I'm thinking tungsten, for TIG welding. 

Why do you think they're platinum?

Harold


----------



## HAuCl4 (Aug 21, 2011)

'cos I ain't dumb, and I scratch tested with SnCl2. :lol:


----------



## Lou (Aug 21, 2011)

Bend them. If they bend, they're likely pure Pt, or an alloy close to. If they don't bend but rather snap, they're tungsten.

Or just put them in ammonia and hydrogen peroxide (base pirahna), if they're tungsten/tantalum they will readily dissolve.


Or sell them to me


----------



## jimdoc (Aug 21, 2011)

I have seen a lot of platinum plated sewing and knitting needles on Ebay.
I doubt very much that they are solid platinum.

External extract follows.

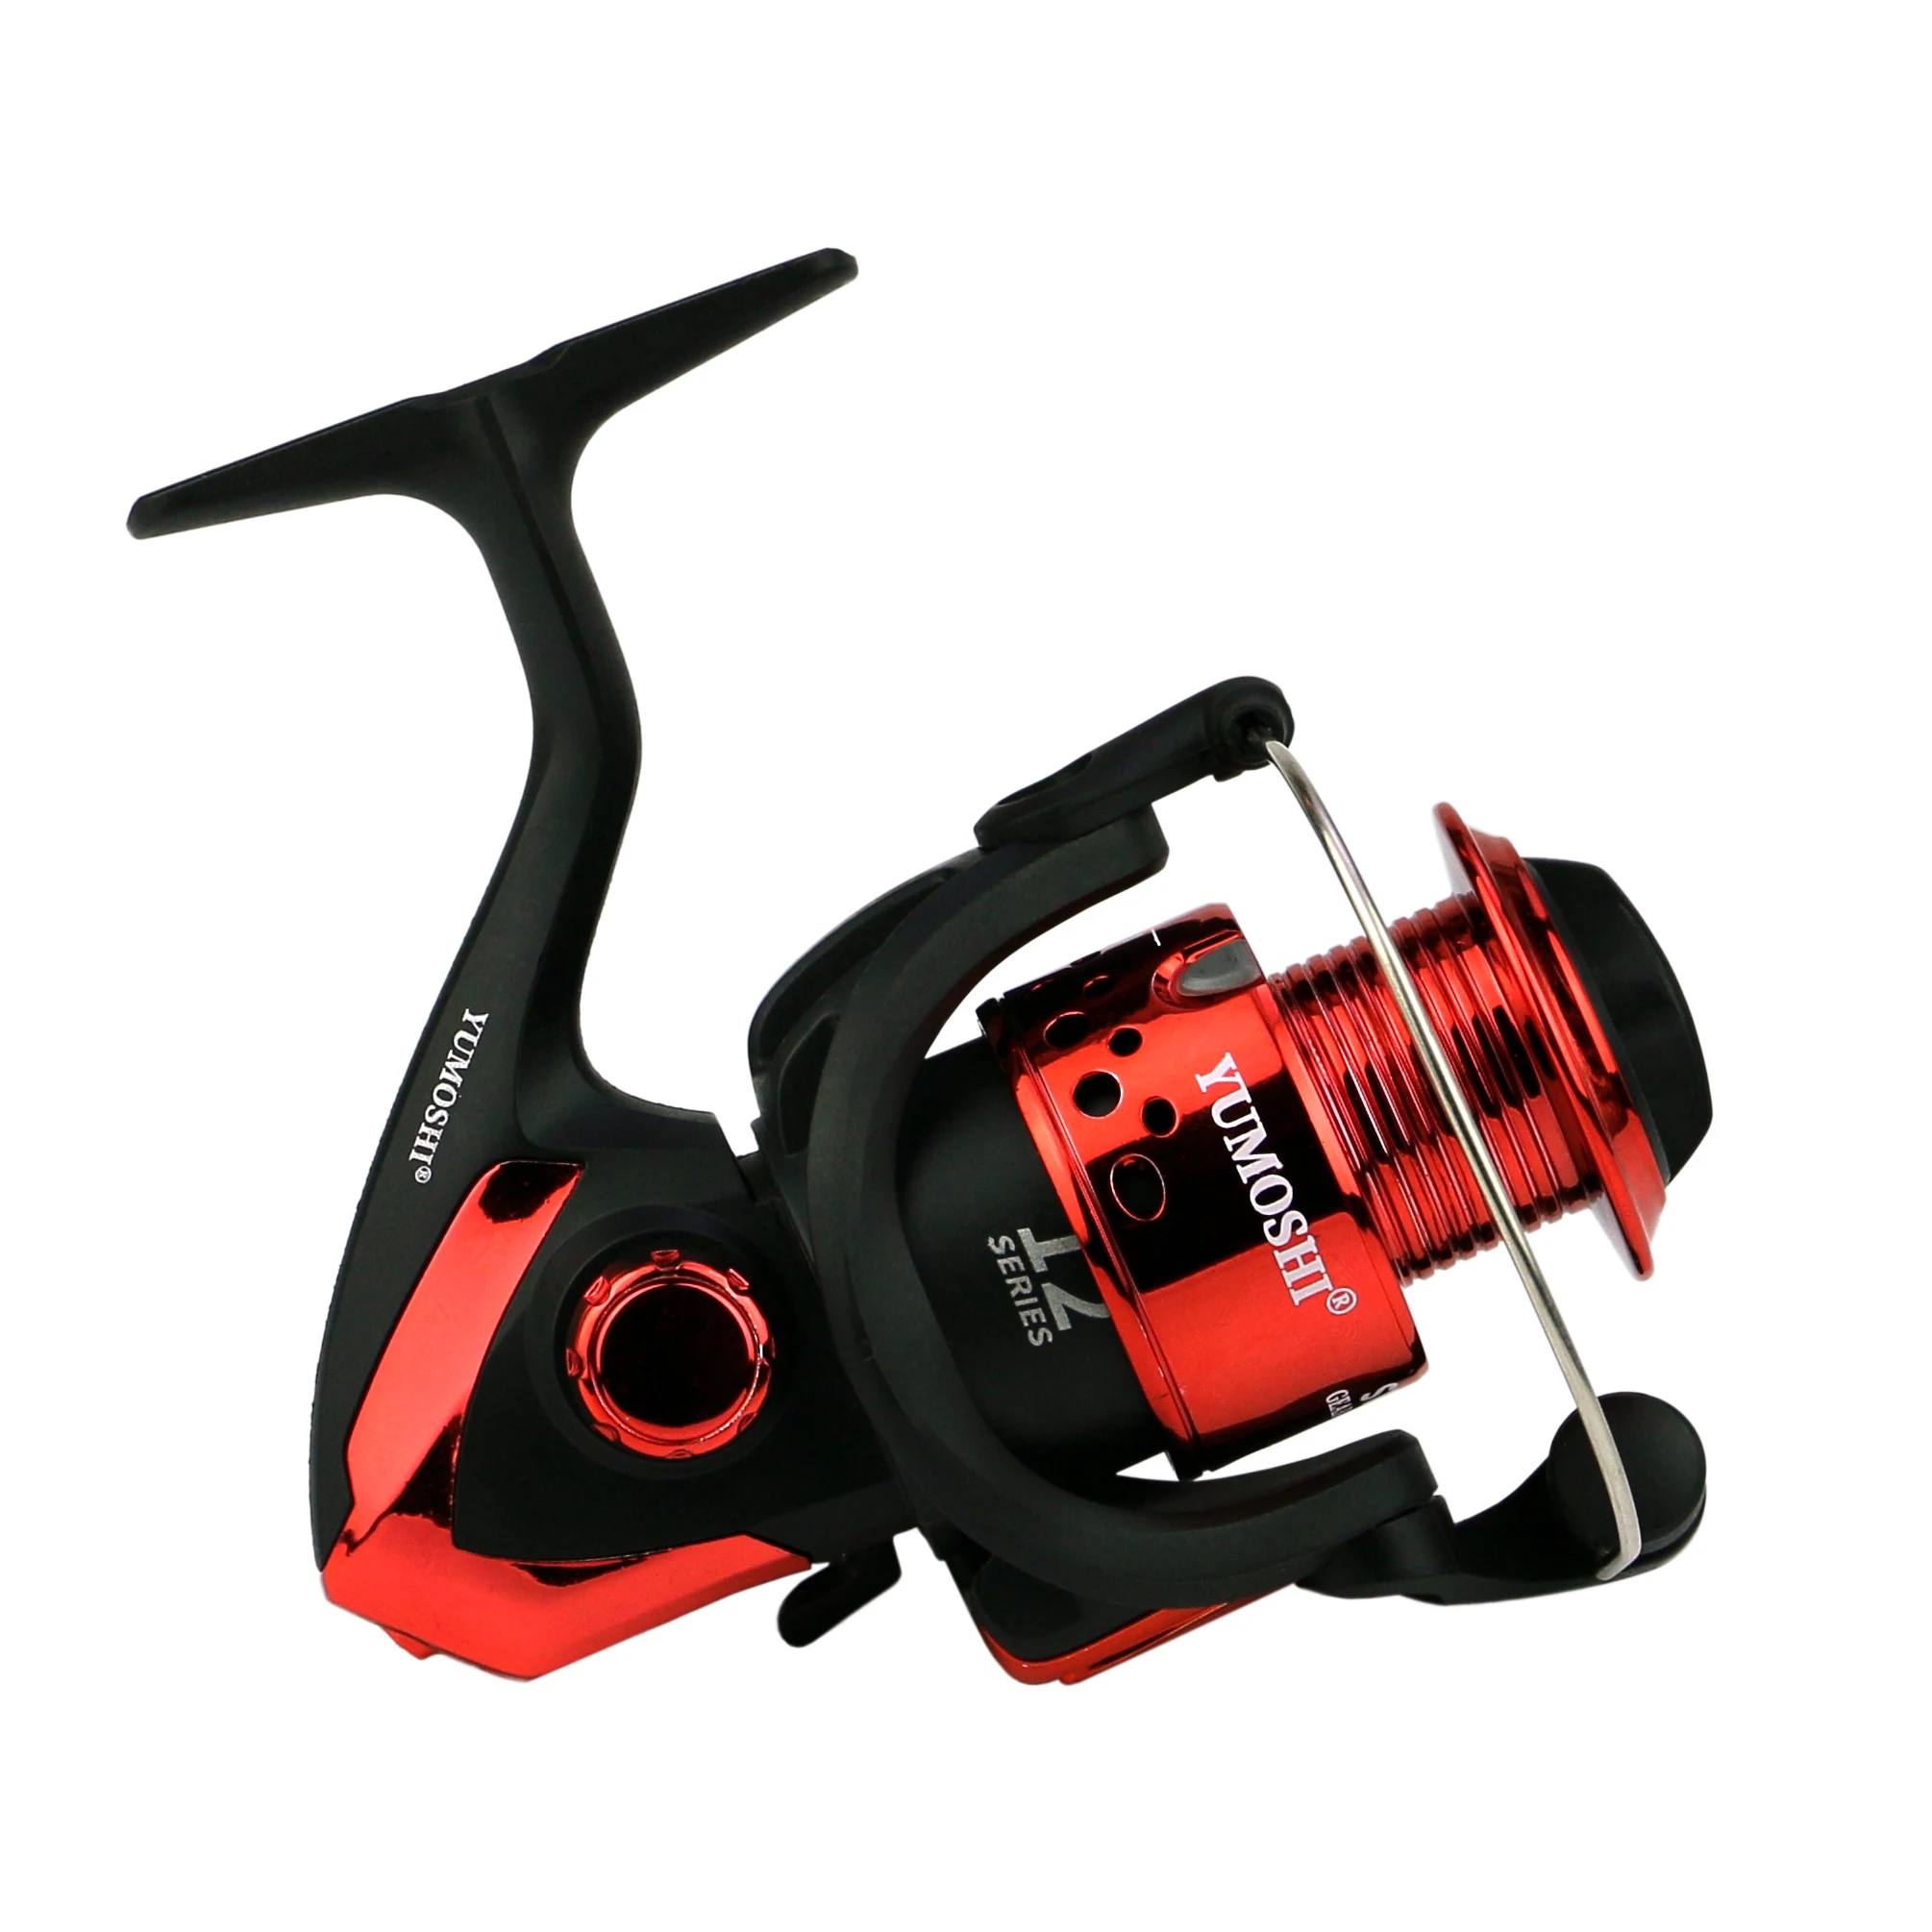 New 3000 4000 5000 6000 7000 SP-Series 5.5:1 Black Red Fishing Reel Wear-resistant Spinning Wheel Fishing Accessories enlarge

http://www.ebay.com/itm/Platinum-Tapestry-Hand-Needles-Size-24-2-Pkg-/370530589043?pt=LH_DefaultDomain_0&hash=item5645581973

Jim


----------



## qst42know (Aug 21, 2011)

Aero company deals in tungsten alloys. I didn't see any precious metals but I didn't look very hard.

http://www.aerographite.com/detail-tungsten-products-14.aspx


----------



## Harold_V (Aug 22, 2011)

HAuCl4 said:


> 'cos I ain't dumb, and I scratch tested with SnCl2. :lol:


Note that I'm not buying it (your scratch test). I still say it's tungsten. 

Harold


----------



## HAuCl4 (Aug 22, 2011)

You must be quite a hit at parties, Harold. :lol:


----------



## Lou (Aug 22, 2011)

They're not grey enough to be W.

Heat them very hot with an oxidizing flame, that will tell the tale.


----------



## HAuCl4 (Aug 22, 2011)

It is what it is. 90-10 Pt-Ru. Not for sale I'm afraid. :shock:


----------



## Lou (Aug 22, 2011)

I understand. Surely you must be using them to learn the great art of refining platinum group metals?


----------



## Harold_V (Aug 23, 2011)

HAuCl4 said:


> You must be quite a hit at parties, Harold. :lol:


Lets just say I'm not the most popular guy in town. 
So then, they are platinum metals?
Any idea of their intended use? 
Lou commented on the color, but ground W is, indeed, quite white and shiny. Electrodes for TIG look very much like the samples you have shown. The one big difference, one I can not explain, is why they have a preformed cone. That's typical of TIG welding for some metals (not aluminum), but they generally are not preformed. 

Harold


----------



## HAuCl4 (Aug 23, 2011)

Lou said:


> I understand. Surely you must be using them to learn the great art of refining platinum group metals?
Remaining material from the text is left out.